• **EXERCISE INSTRUCTIONS**
Return the data verbatim, without pictures.

• **GIVEN MATERIAL**
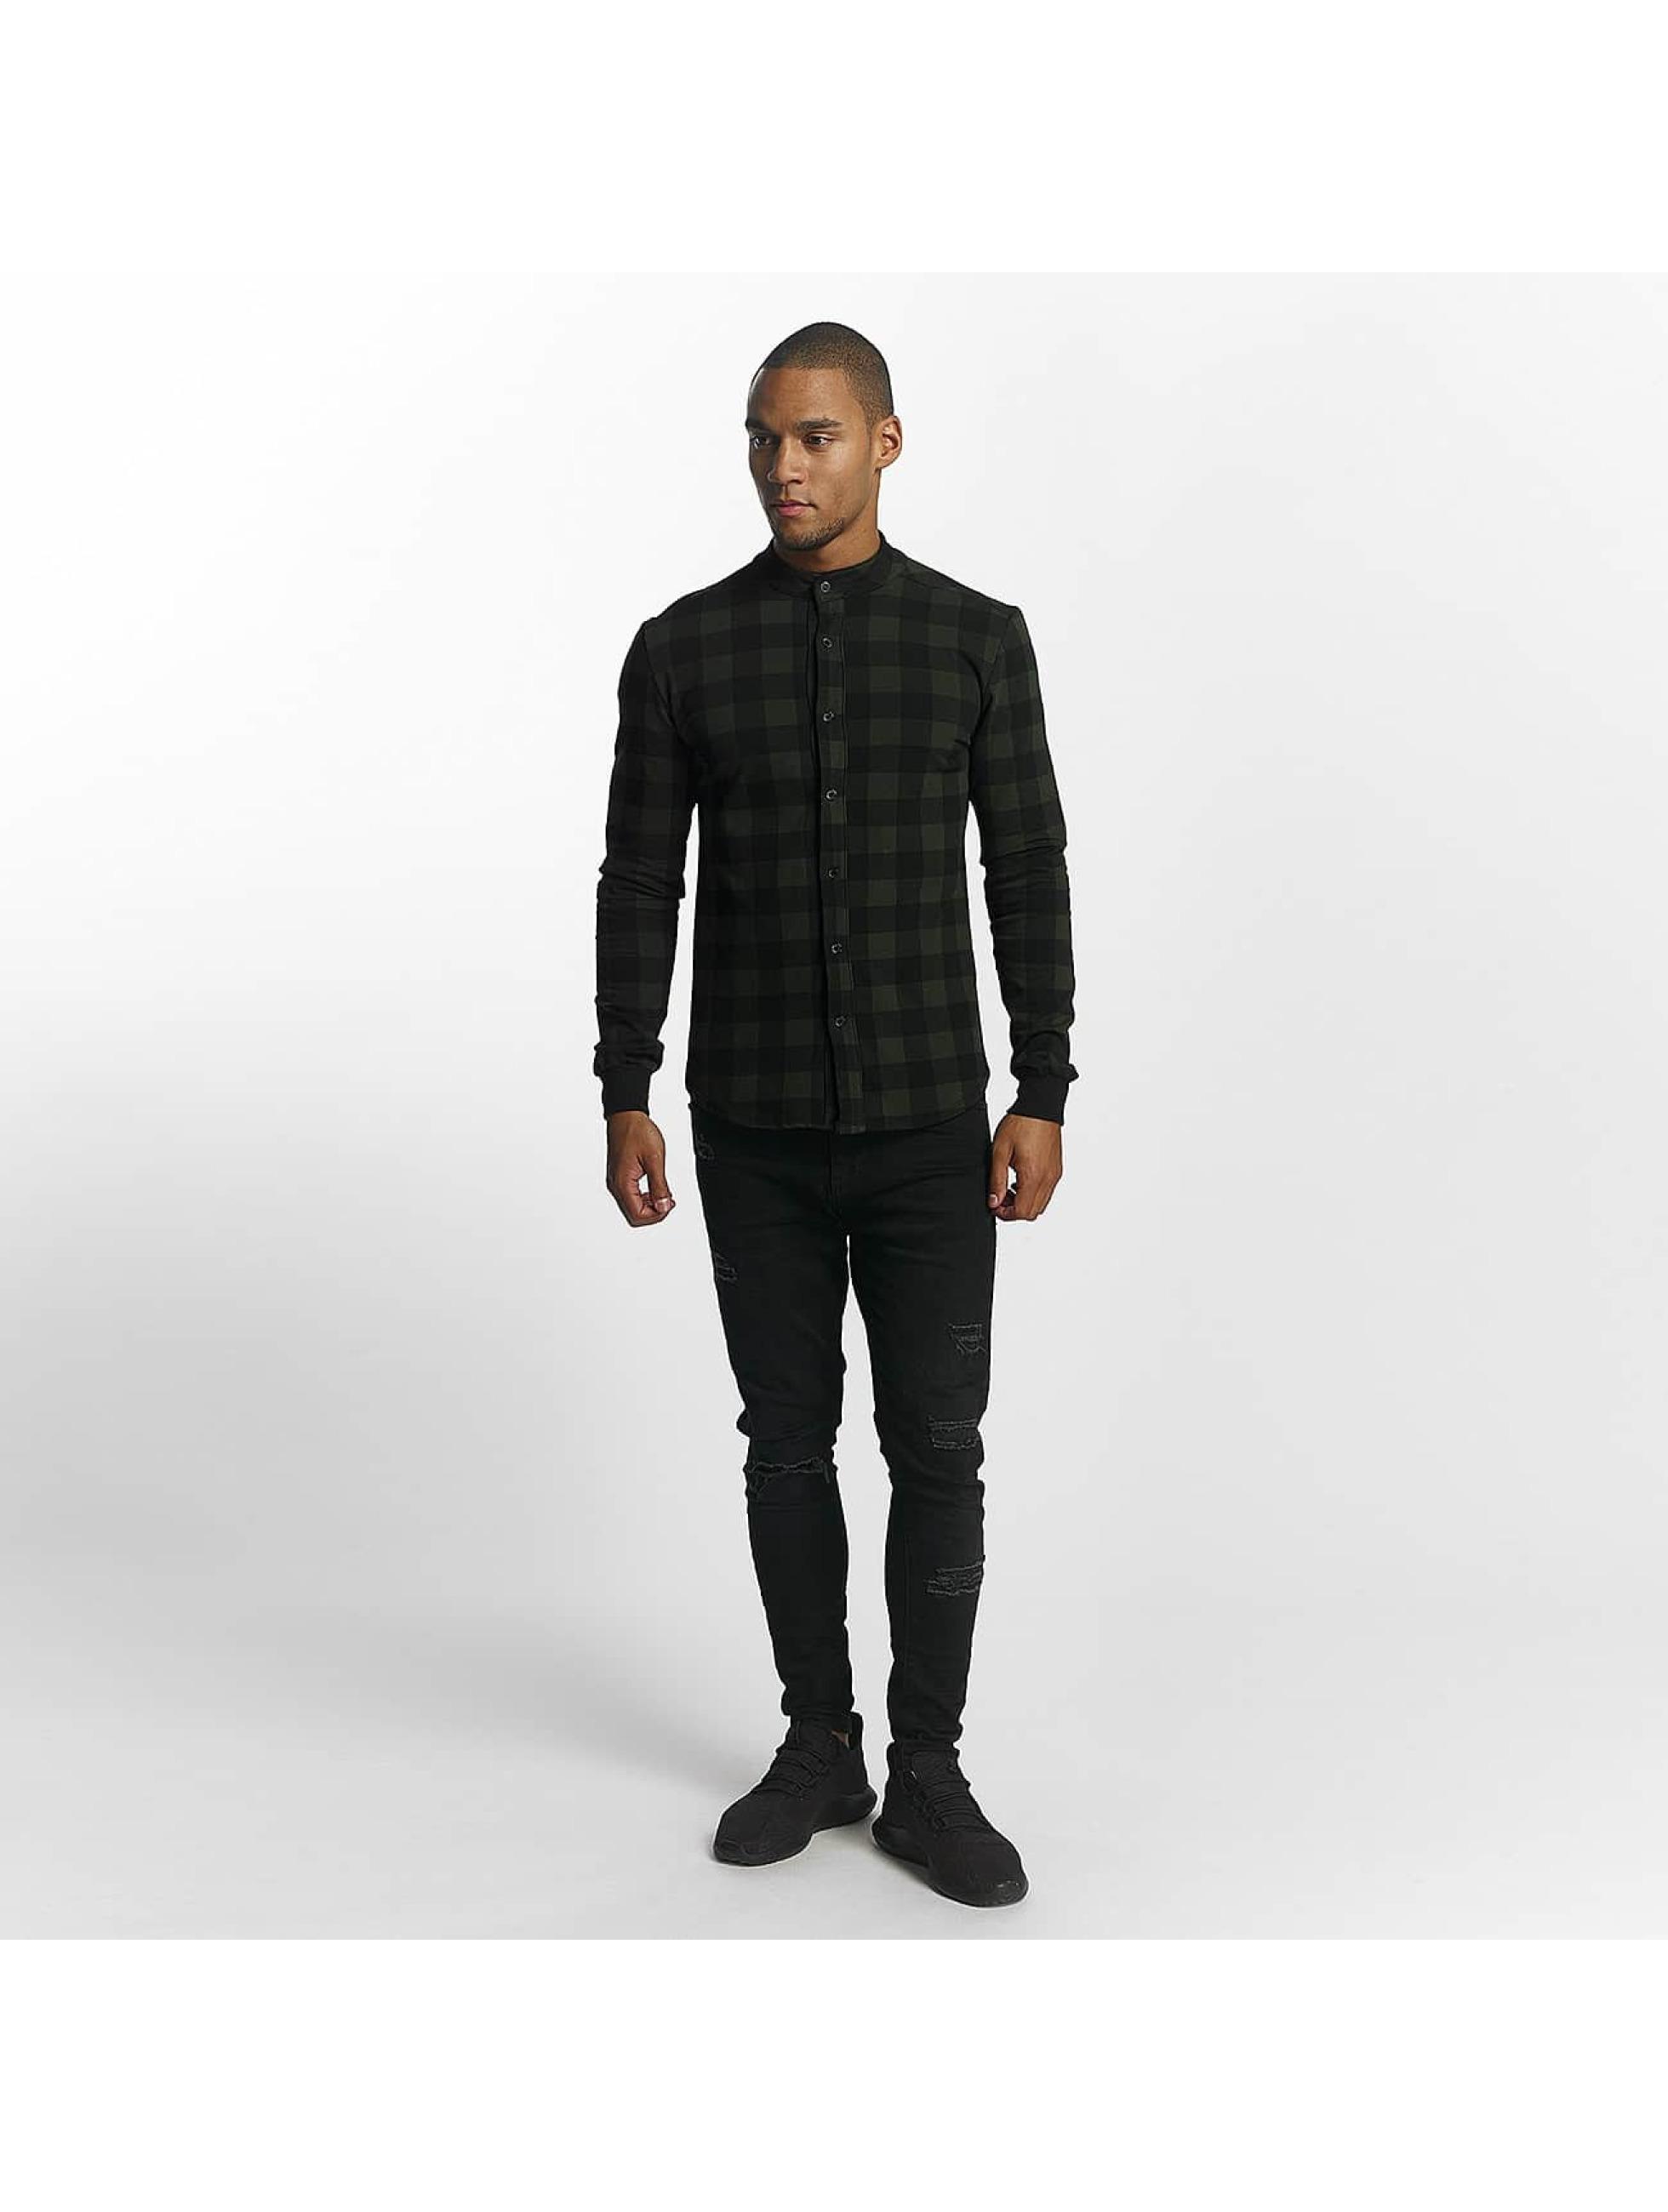 Uniplay Chemise Checkered kaki
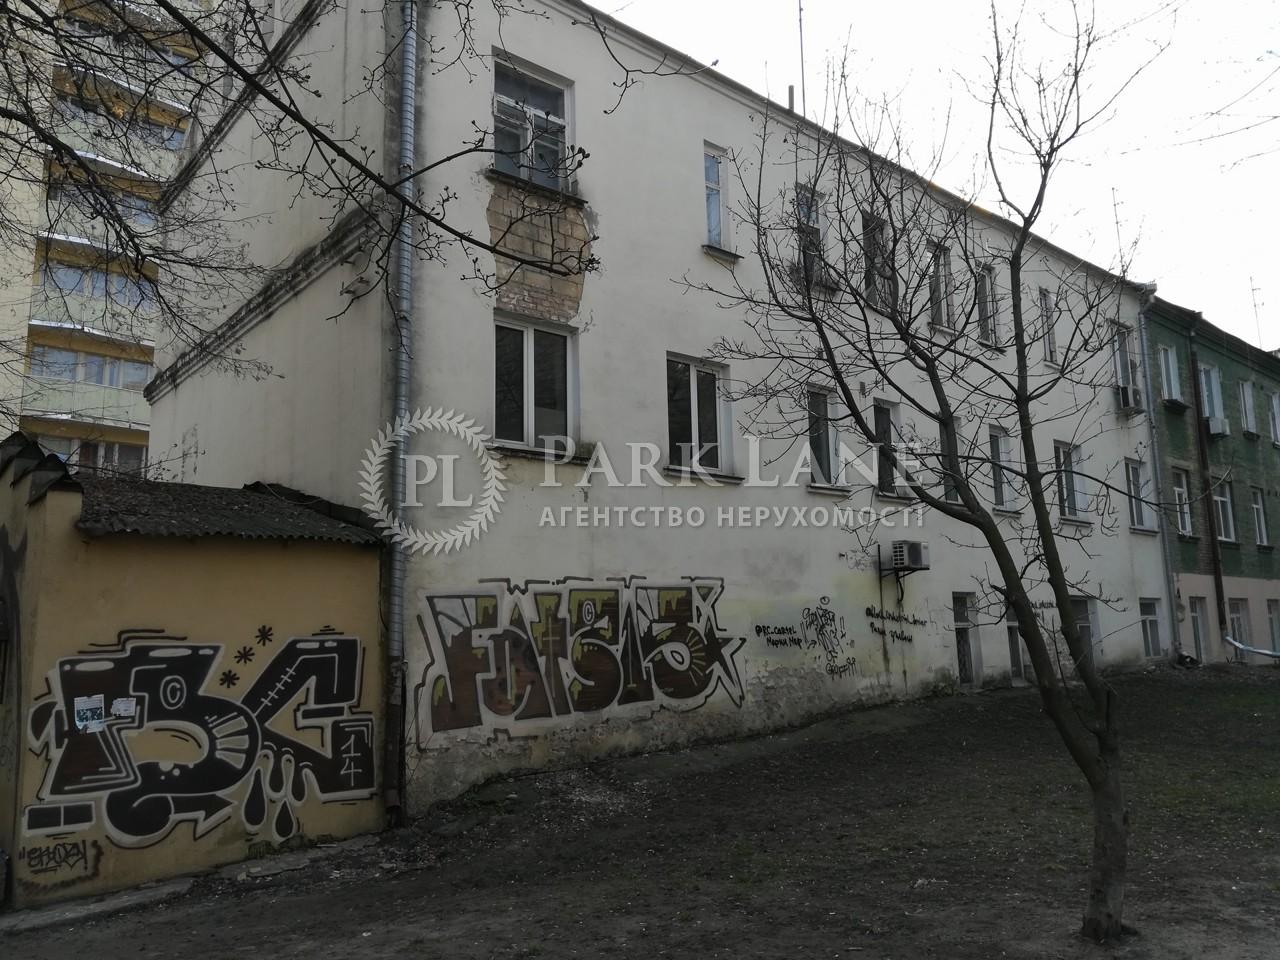 Нежитлове приміщення, вул. Дмитрівська, Київ, K-27702 - Фото 10
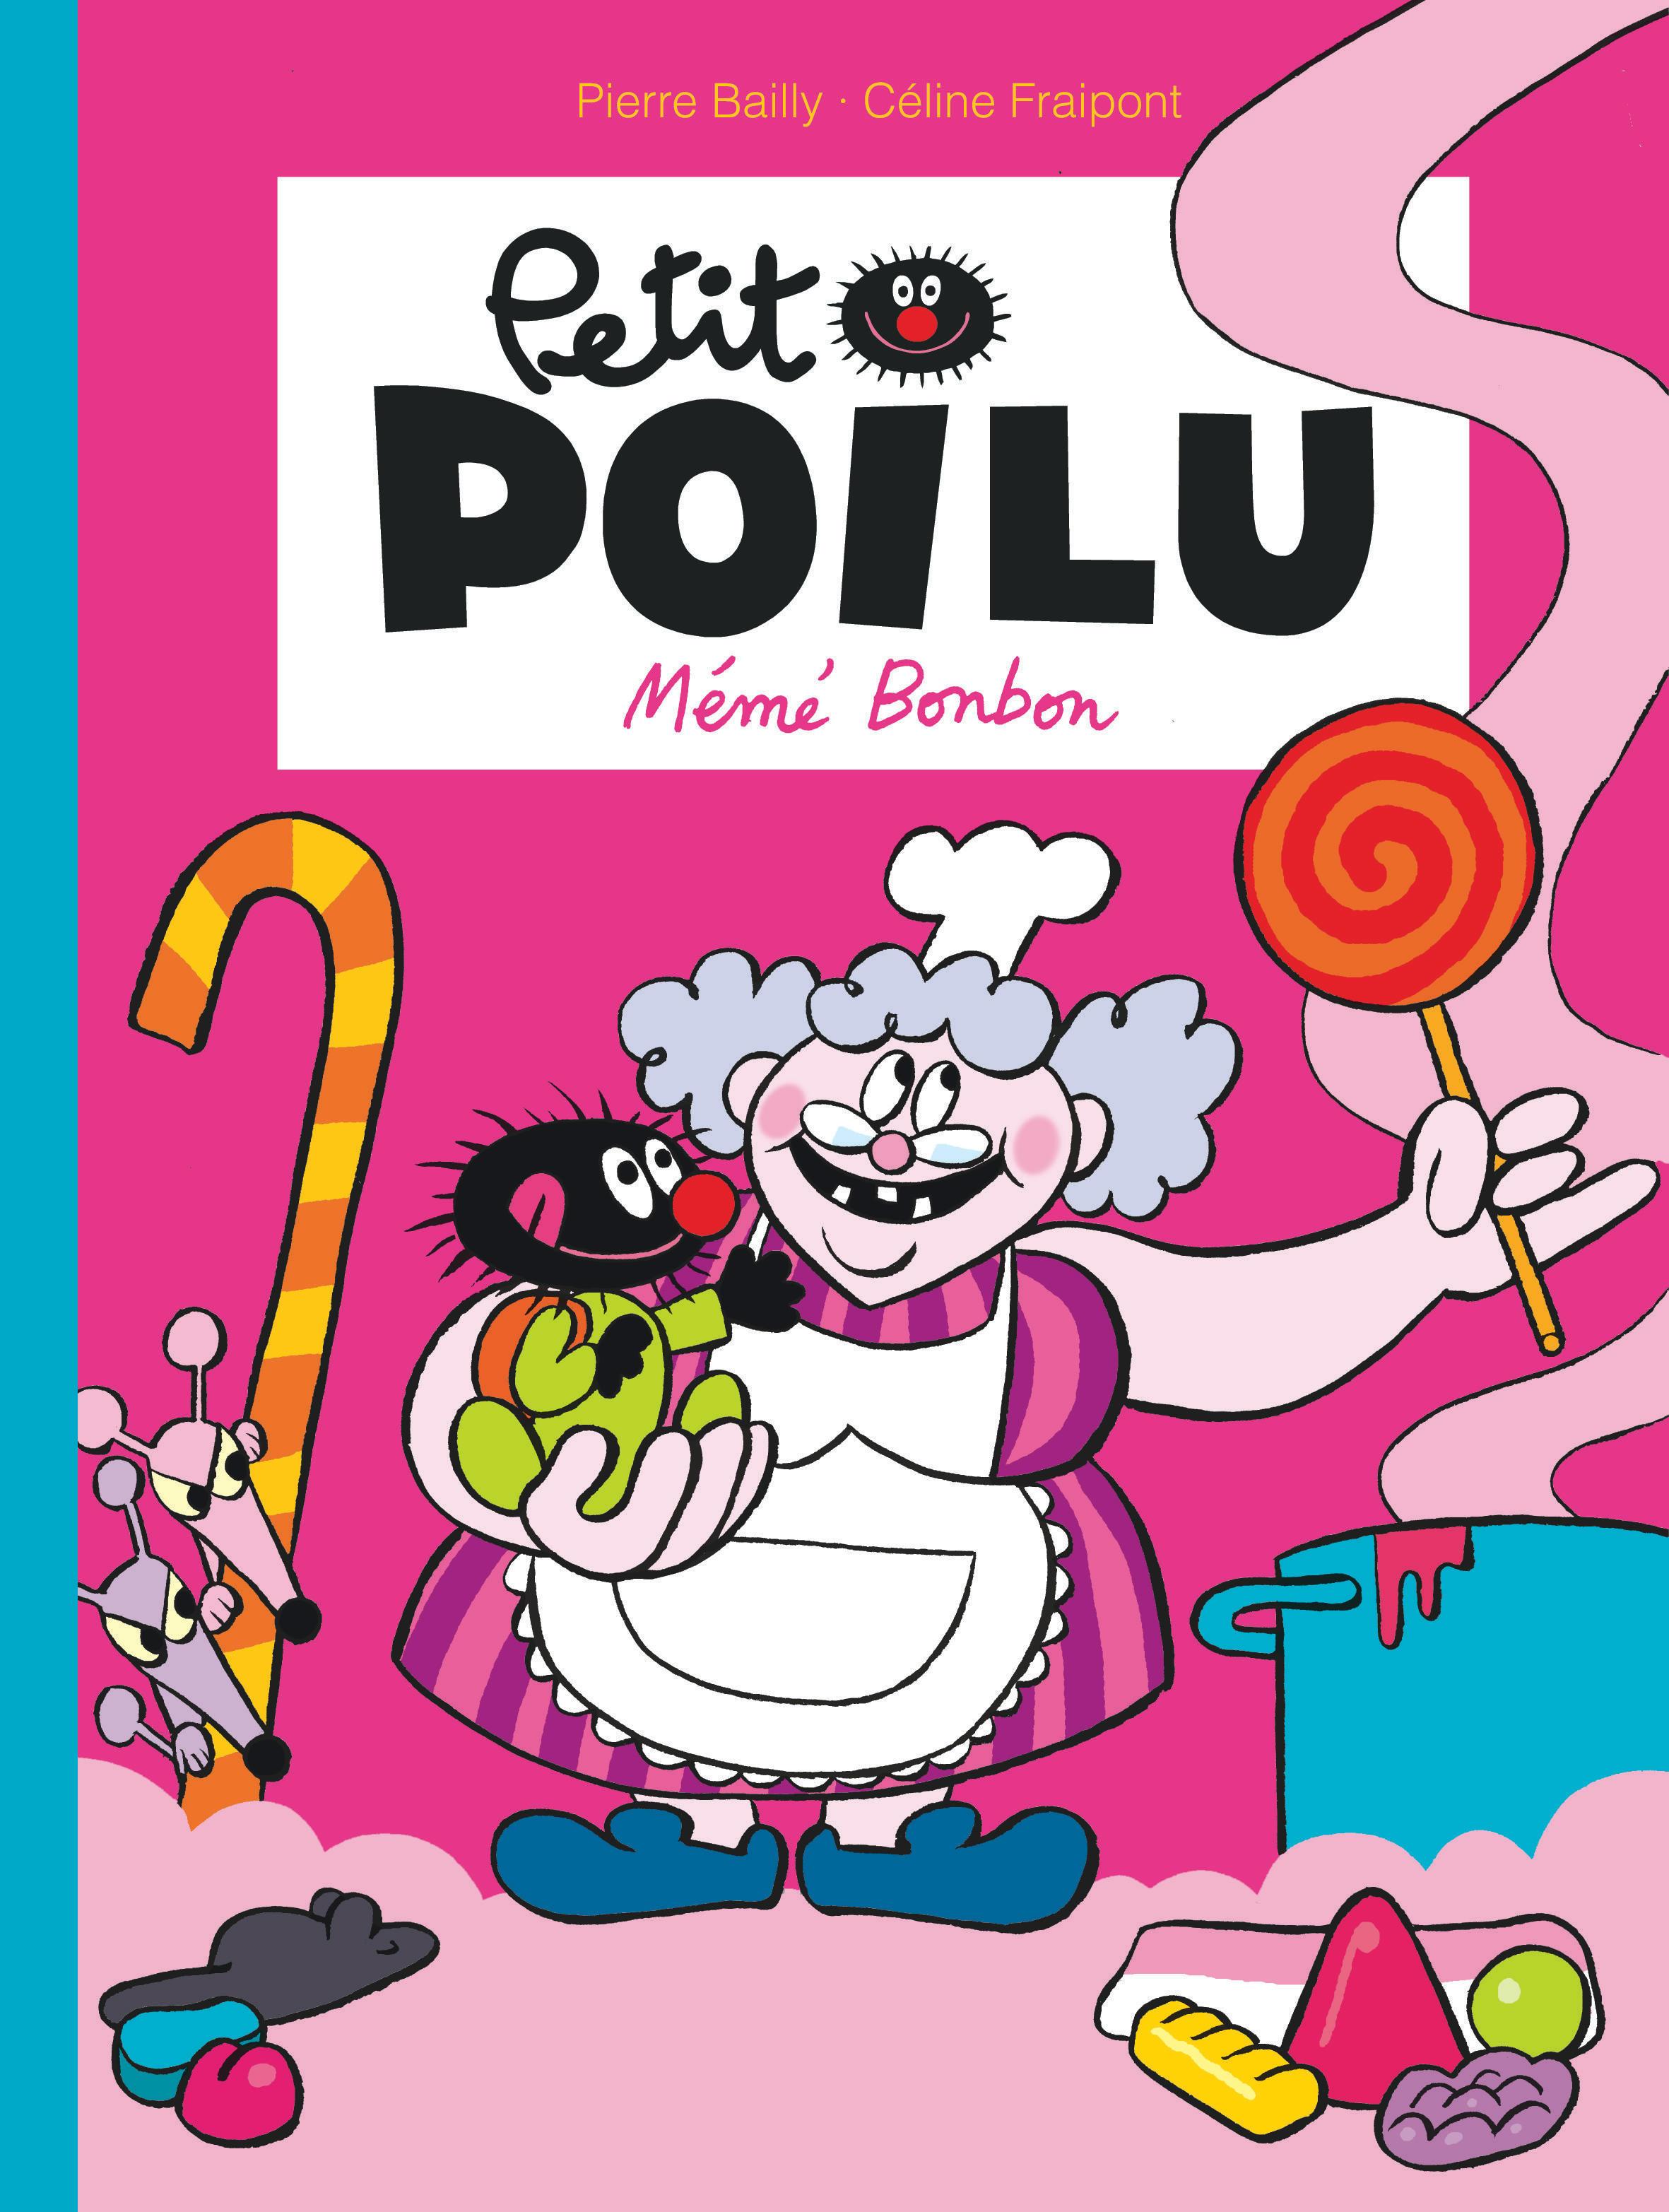 PETIT POILU - TOME 4 - MEME BONBON NOUVELLE MAQUETTE

• **TASK RESPONSE**
 Uniplay Chemise Checkered kaki
 Нежитлове приміщення, вул. Дмитрівська, Київ, K-27702 - Фото 10
 PETIT POILU - TOME 4 - MEME BONBON NOUVELLE MAQUETTE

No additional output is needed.